Natwest and Lloyds signal willingness to bring back dividends
Two of the UK’s largest banks have indicated that they are ready to restart paying dividends as the Bank of England prepares to review its ban on shareholder payouts.
Executives at Natwest and Lloyds have hinted at the strength of their balance sheets, with Natwest chairman Howard Davies saying lenders would resume paying dividends if regulators lifted the ban.
“I’m not aware of anyone [among the big banks] who is in deep trouble,” Davies told The Mail on Sunday. “The banks would be in a position where they could distribute [dividends] at some level.”
Following pressure from the BoE’s Prudential Regulation Authority (PRA), British lenders agreed in March to scrap dividends totalling roughly £8bn for the year in order to shore up their finances against the economic downturn caused by the pandemic.
The PRA is set to assess whether to extend the ban on dividends beyond the end of the year in the next three months.
The European Central Bank has extended its recommendation that lenders in the bloc do not pay dividends until January 2021.
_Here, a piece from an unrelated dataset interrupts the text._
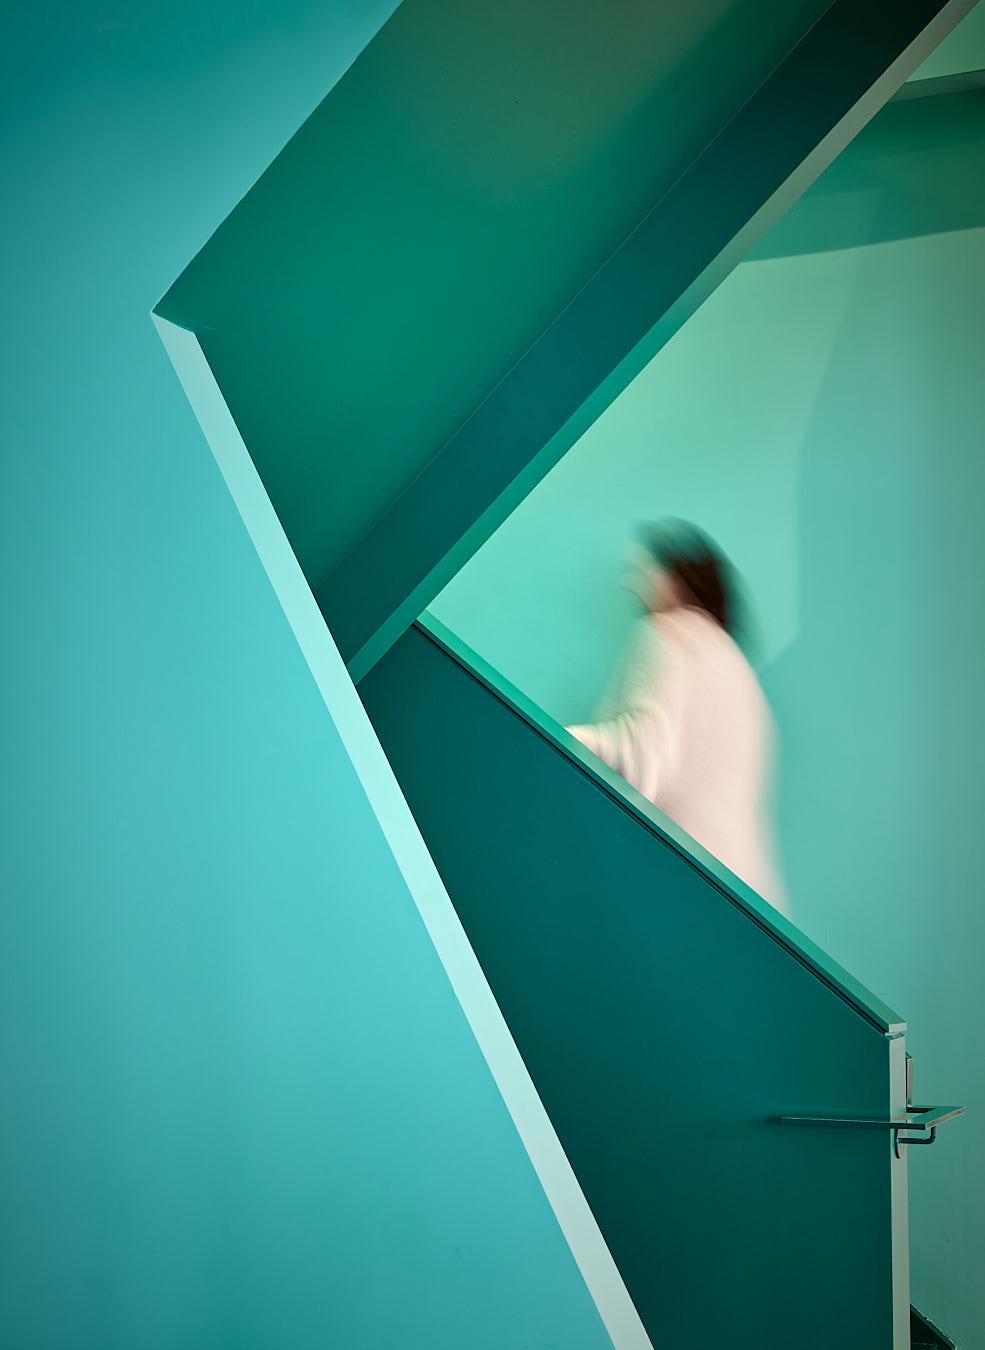 025-Lebel Bouliane Lift.jpg

Lloyds chief executive Antonio Horto-Osario said the lender’s board would not make a decision on dividends until the end of the year.
In comments made to an online conference earlier this month and seen by the Mail on Sunday, Horto-Osario said that Lloyds would await the official “update” on the ban from the PRA.
Horto-Osario added that Lloyds had a “very, very strong buffer” to weather the economic devastation caused by coronavirus, and said the bank’s capital buffers far exceeded the requirement set by the BoE.
Davies, who in July called on the central bank to lift the dividend ban, said that banks would only seek to issue proportional payouts.
“Nobody is going around the banking industry saying they want to pay a massive special dividend,” he said.